■ Work request
In this exercise, each record below is to be written out again exactly.

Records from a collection

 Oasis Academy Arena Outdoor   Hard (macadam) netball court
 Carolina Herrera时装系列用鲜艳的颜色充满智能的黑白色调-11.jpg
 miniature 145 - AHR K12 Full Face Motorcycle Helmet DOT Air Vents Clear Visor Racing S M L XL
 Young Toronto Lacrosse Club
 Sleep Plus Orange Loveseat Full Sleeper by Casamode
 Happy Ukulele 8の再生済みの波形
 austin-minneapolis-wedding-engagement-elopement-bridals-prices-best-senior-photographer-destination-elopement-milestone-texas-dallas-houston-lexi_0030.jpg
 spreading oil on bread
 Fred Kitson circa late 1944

■ Expected answer
 Oasis Academy Arena Outdoor   Hard (macadam) netball court
 Carolina Herrera时装系列用鲜艳的颜色充满智能的黑白色调-11.jpg
 miniature 145 - AHR K12 Full Face Motorcycle Helmet DOT Air Vents Clear Visor Racing S M L XL
 Young Toronto Lacrosse Club
 Sleep Plus Orange Loveseat Full Sleeper by Casamode
 Happy Ukulele 8の再生済みの波形
 austin-minneapolis-wedding-engagement-elopement-bridals-prices-best-senior-photographer-destination-elopement-milestone-texas-dallas-houston-lexi_0030.jpg
 spreading oil on bread
 Fred Kitson circa late 1944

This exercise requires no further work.